Regardless, both Netanyahu and Herzog will attempt to convince Israeli President Reuvin Rivlin, himself a Likud party member, they can bring together a strong coalition without a unity government. Rivlin has already signaled that he prefers a unity government to Netanyahu’s way, which would alone be a nationalist coalition. But it is unclear whether he will push too hard for it if the results are even stronger-than-expected for Likud.

Aides to Rivlin say he won’t “force” a unity government on Netanyahu, but rather will “encourage” both men to form one.

Israeli Prime Minister Benjamin Netanyahu declared victory

Mideast_Israel_Elections_Netanyahu

Israeli Prime Minister Benjamin Netanyahu casts his vote during Israel’s parliamentary elections in Jerusalem, Tuesday, Mar. 17, 2015.

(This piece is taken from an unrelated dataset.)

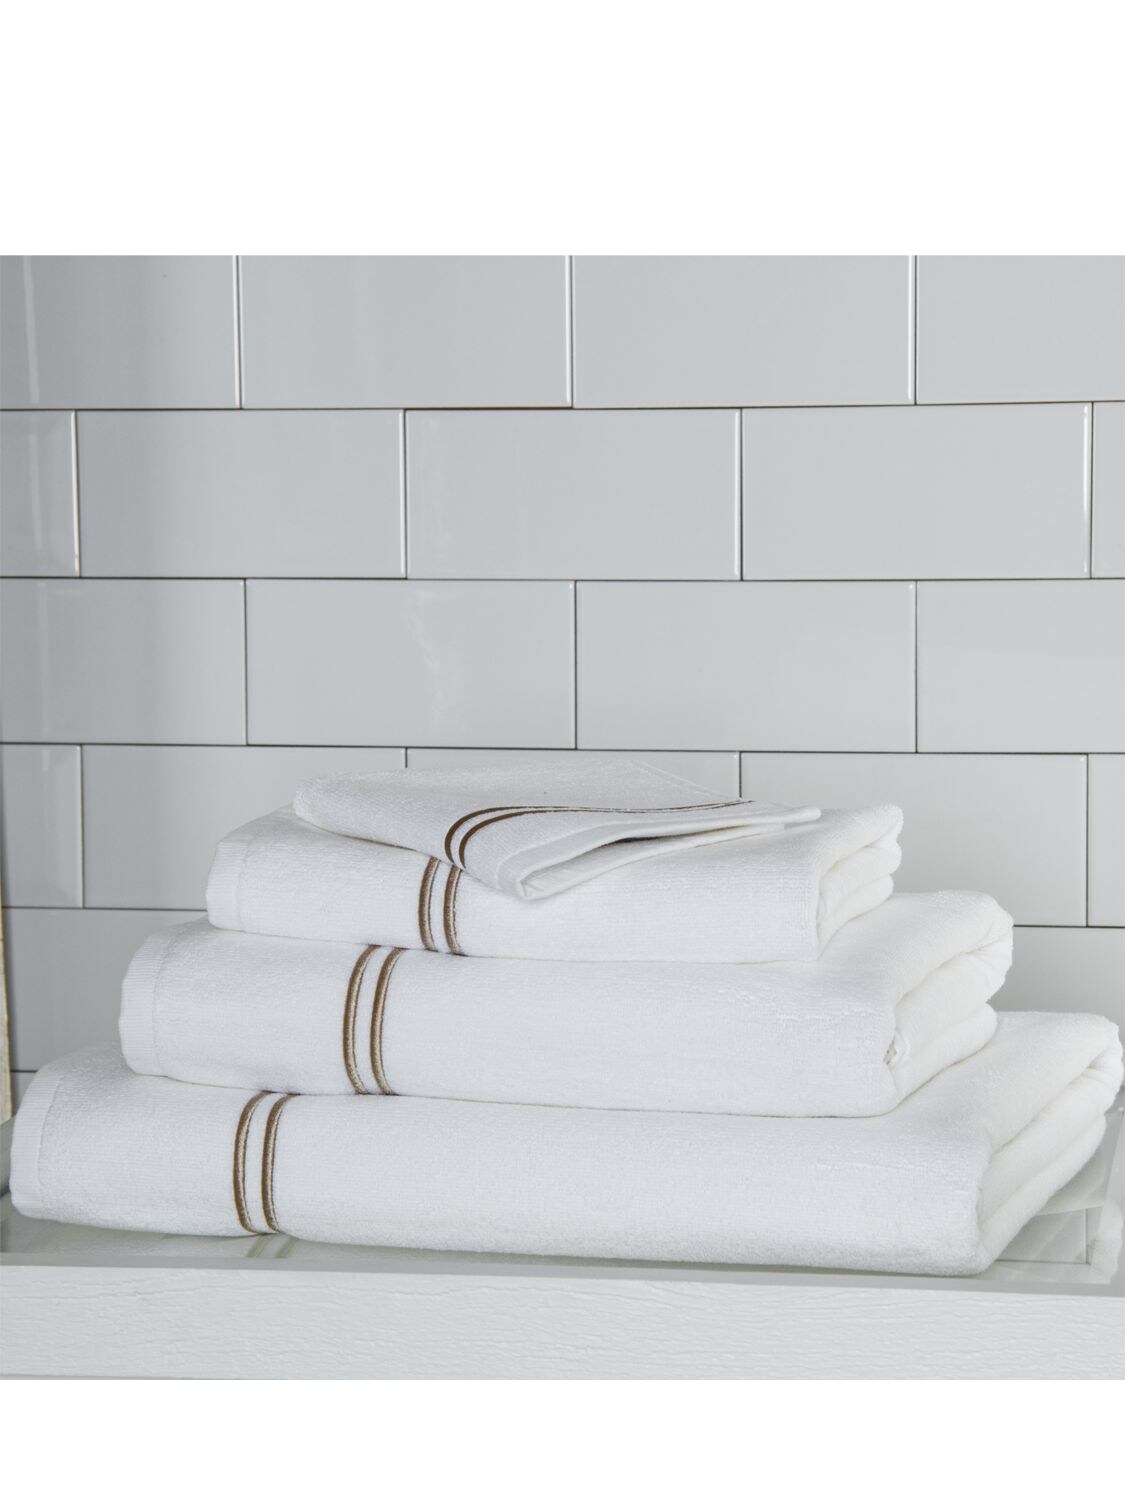 Frette Classic Hand Towel - White Khaki

The first exit polls from the hotly contested Israeli election show Prime Minister Netanyahu’s Likud party closed the gap on Isaac Herzog and the Zionist Union. Netanyahu and Likud lead Herzog and the Zionist Union with 28 seats to 27 in one exit poll, while the two are tied at 27 in two others. All were released at 10:00 p.m. local time (4:00 p.m. ET).

Channel 2’s poll had the Likud with 28 mandates, Zionist Union with 27 mandates, the Joint Arab List with 13 mandates, Yesh Atid with 12 mandates, Kulanu with 9 mandates, Bayit Yehudi with 8 mandates, Shas with 7 mandates, United Torah Judaism with 6 mandates, Meretz with 5 mandates, Yisrael Beytenu with 5 mandates and Yahad failing to pass the electoral threshold.

Channel 10’s polls had the Zionist Union with 27 mandates, the Likud with 27 mandates, the Joint Arab List with 13 mandates, Yesh Atid with 11 mandates, Kulanu with10 mandates, Bayit Yehudi with 8 mandates, Shas with 7 mandates, United Torah Judaism with 7 mandates, Meretz with 5 mandates, Yisrael Beytenu with 5 mandates and Yahad failing to pass the electoral threshold.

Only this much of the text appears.